» EXERCISE DETAILS: Here the job is to retype the data word for word while leaving the pictures aside.

» SUPPLIED DATA:
---------------

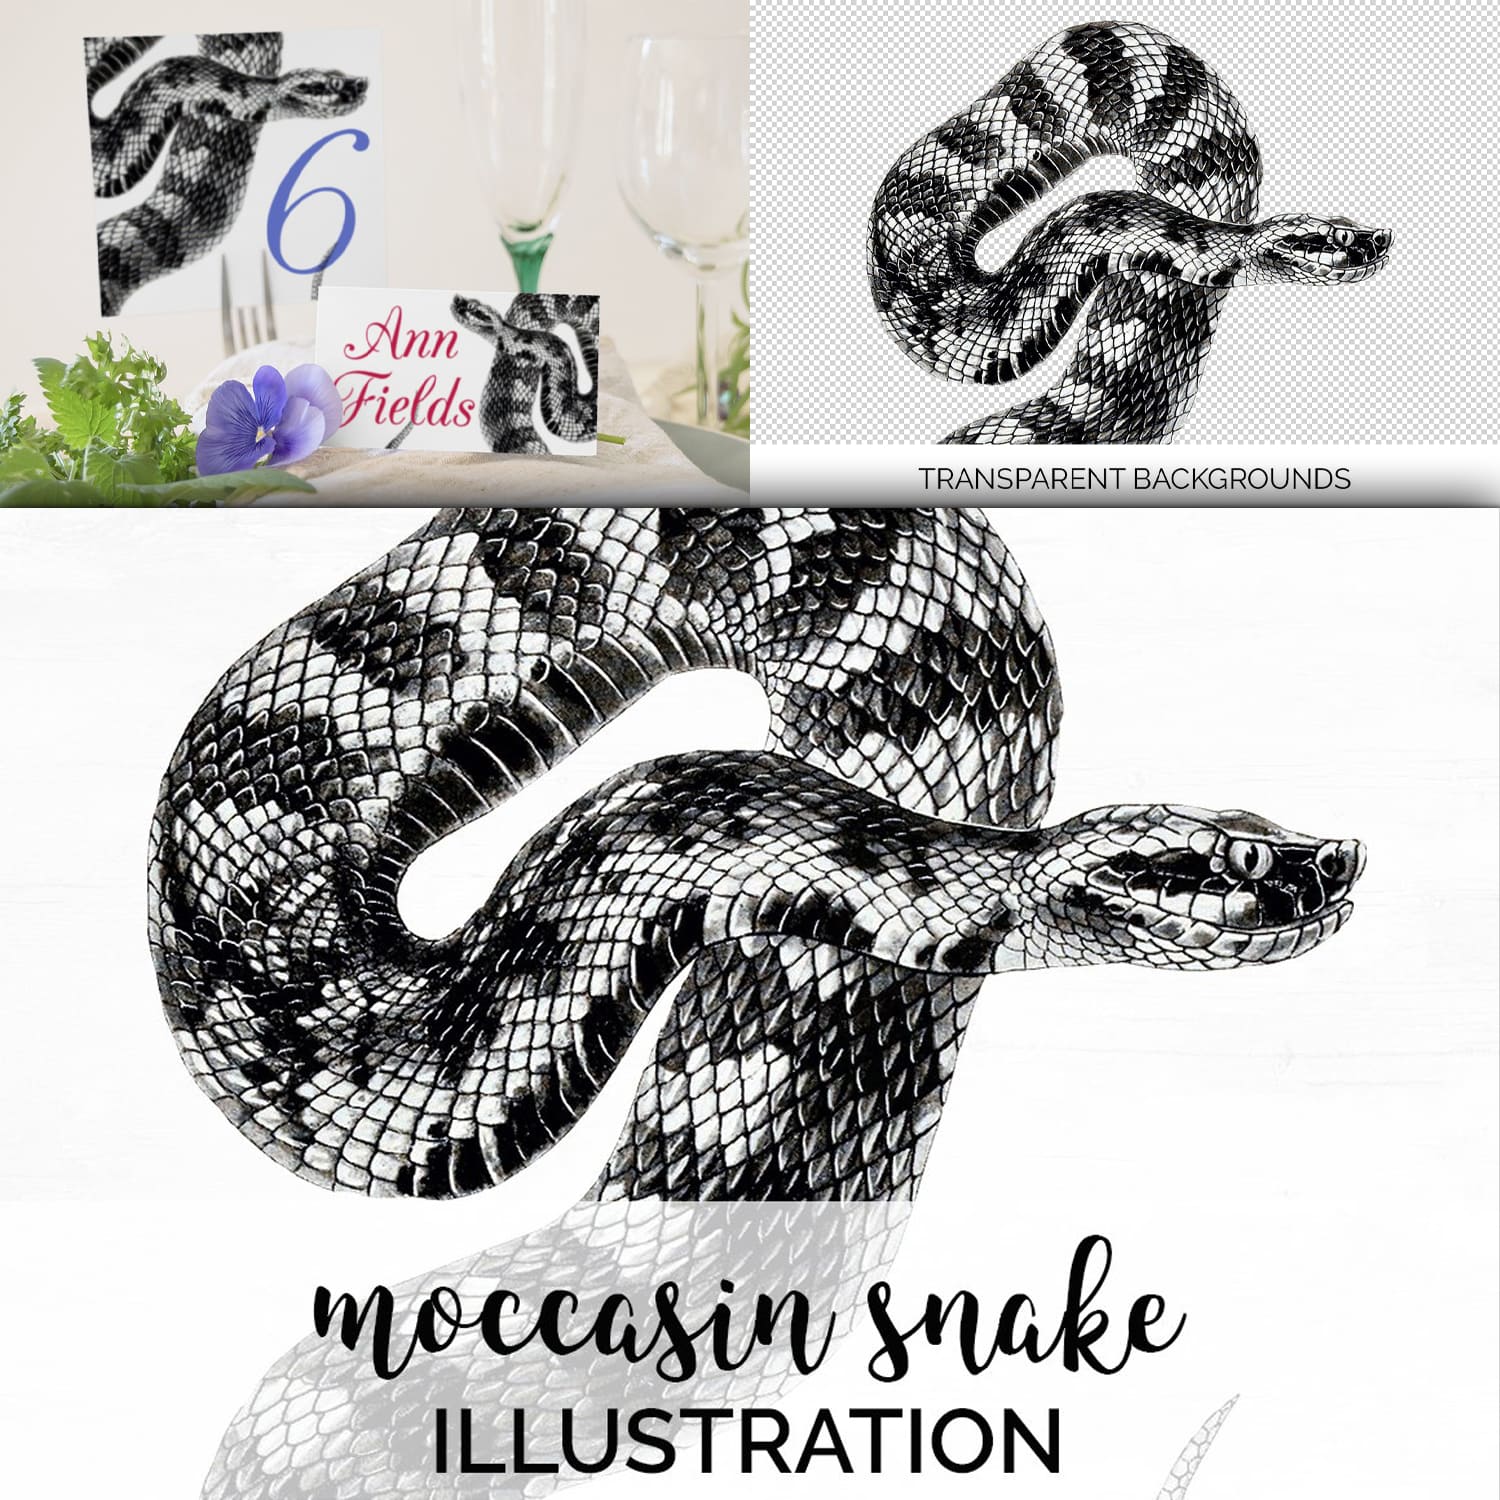 Breathtaking images set moccasin snake.
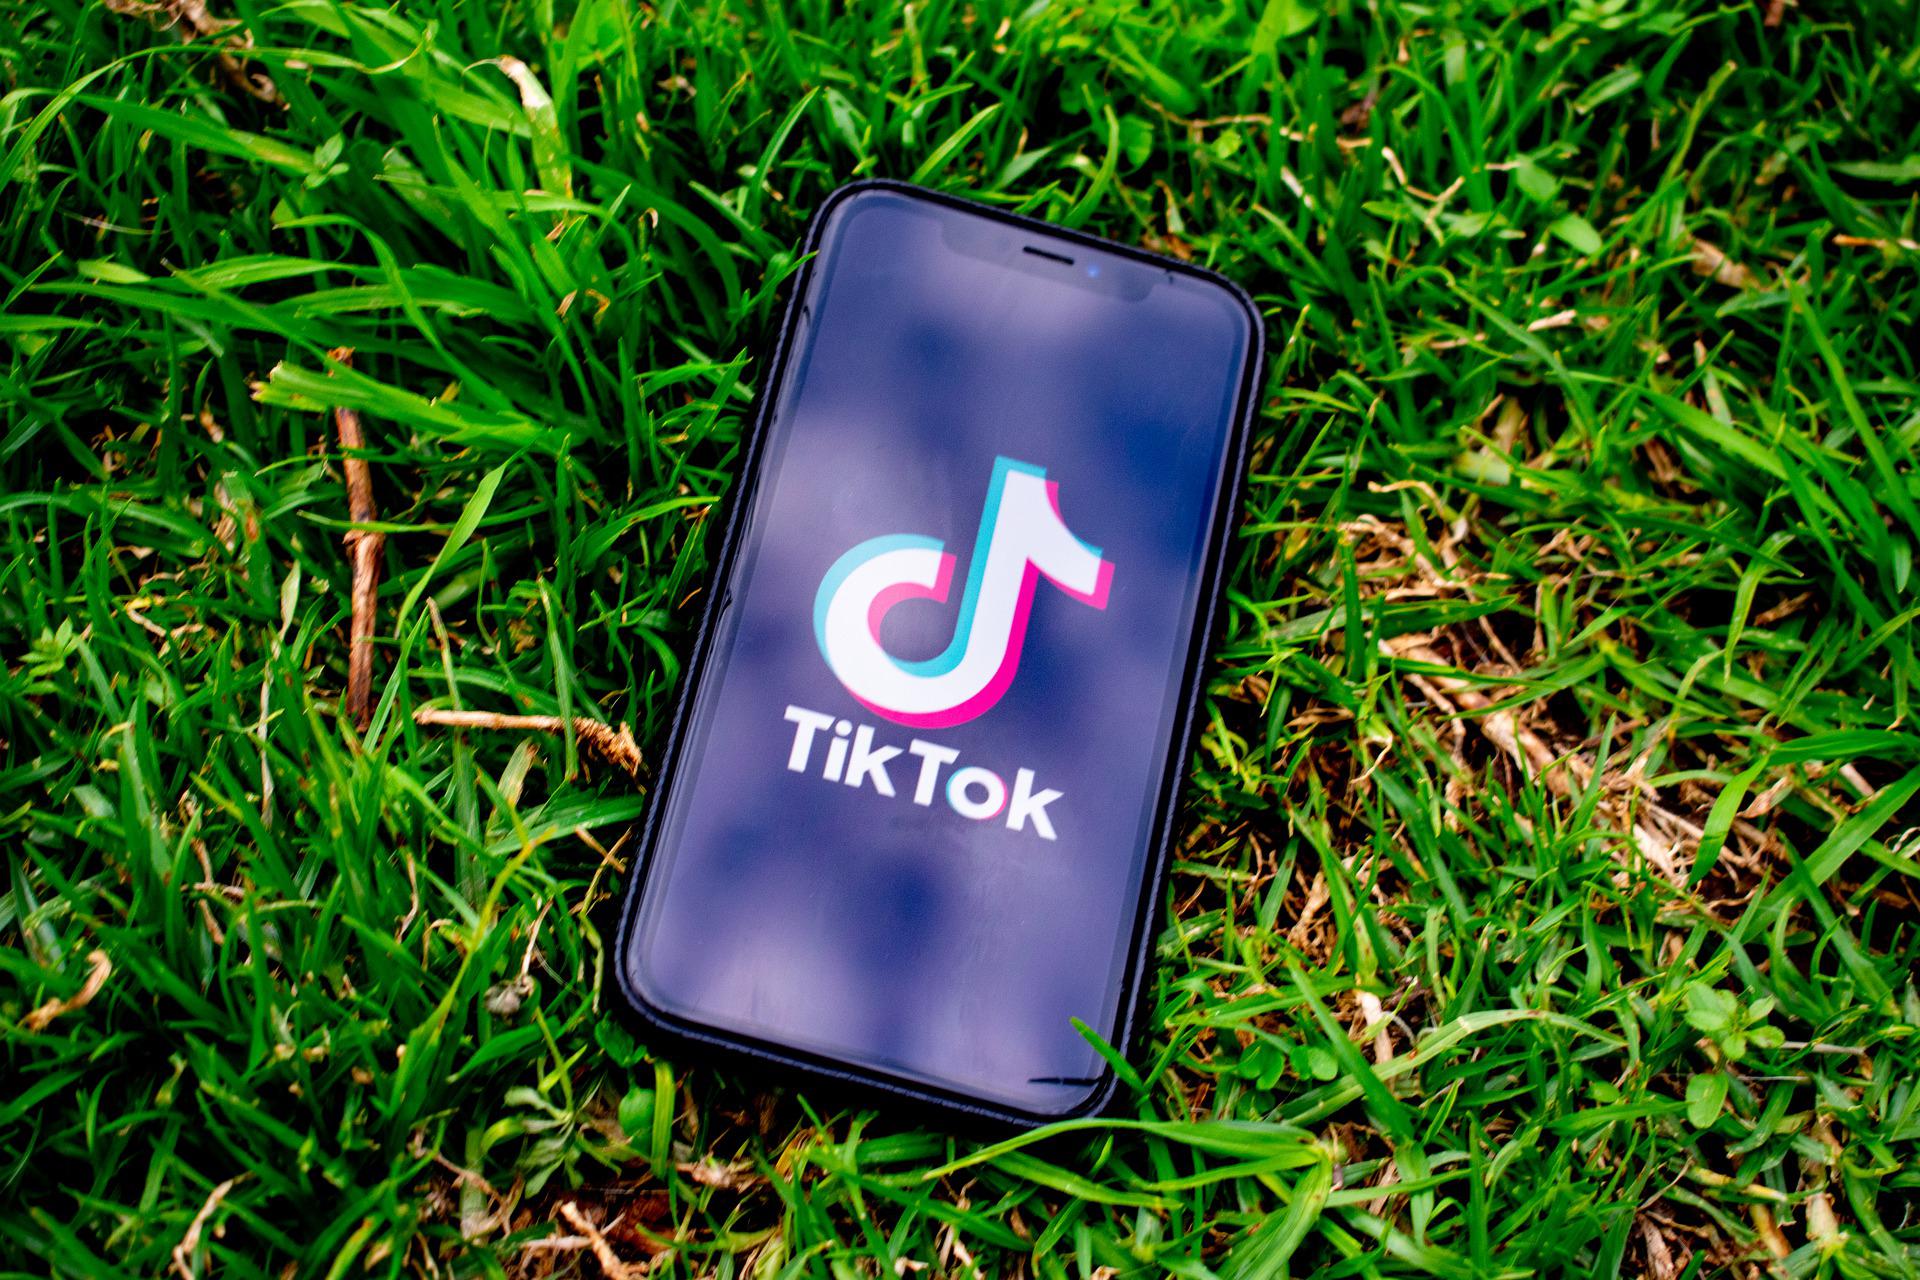 TikTok app on phone in a field
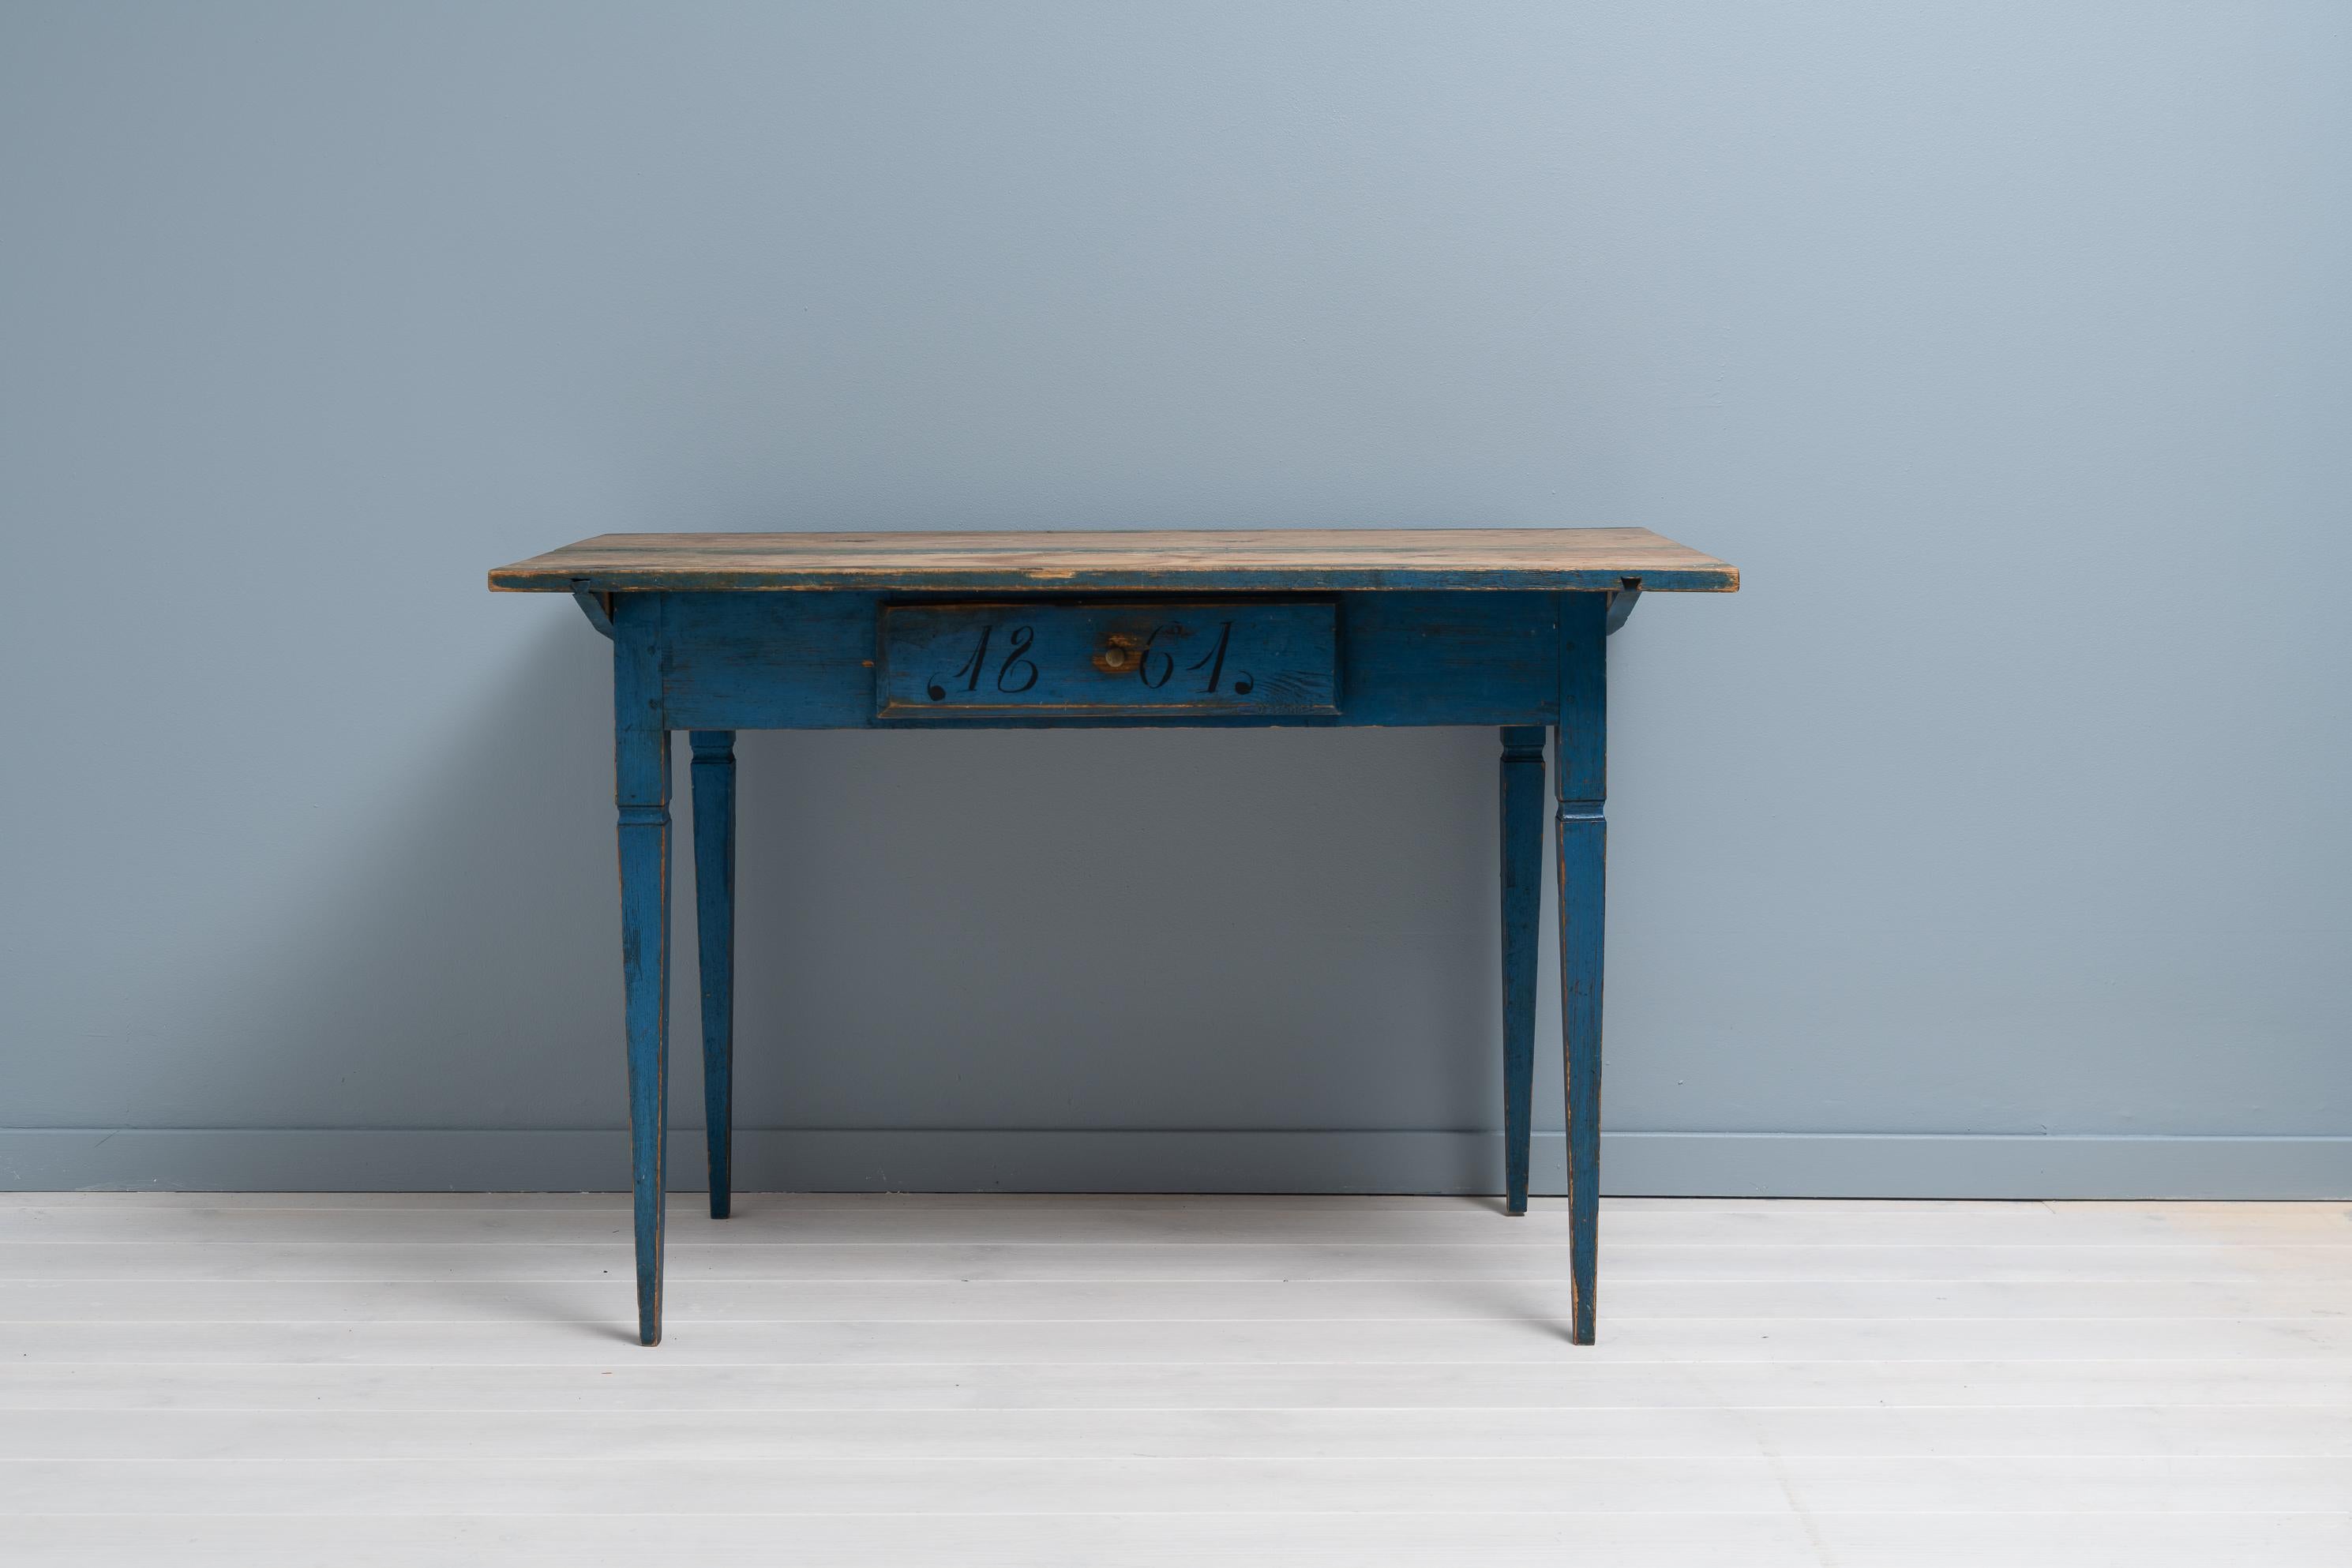 Blauer Schreibtisch im Landhausstil aus Kiefer aus Hälsingland in Nordschweden. Der Tisch ist ein echtes schwedisches Landhausmöbel und hat die authentische Patina der Zeit. Mit einer einzigen Schublade im Rand und geraden, spitz zulaufenden Beinen,

---------------

» RESPONSE BOX:
 Breathtaking images set moccasin snake.
 TikTok app on phone in a field
 Blauer Schreibtisch im Landhausstil aus Kiefer aus Hälsingland in Nordschweden. Der Tisch ist ein echtes schwedisches Landhausmöbel und hat die authentische Patina der Zeit. Mit einer einzigen Schublade im Rand und geraden, spitz zulaufenden Beinen,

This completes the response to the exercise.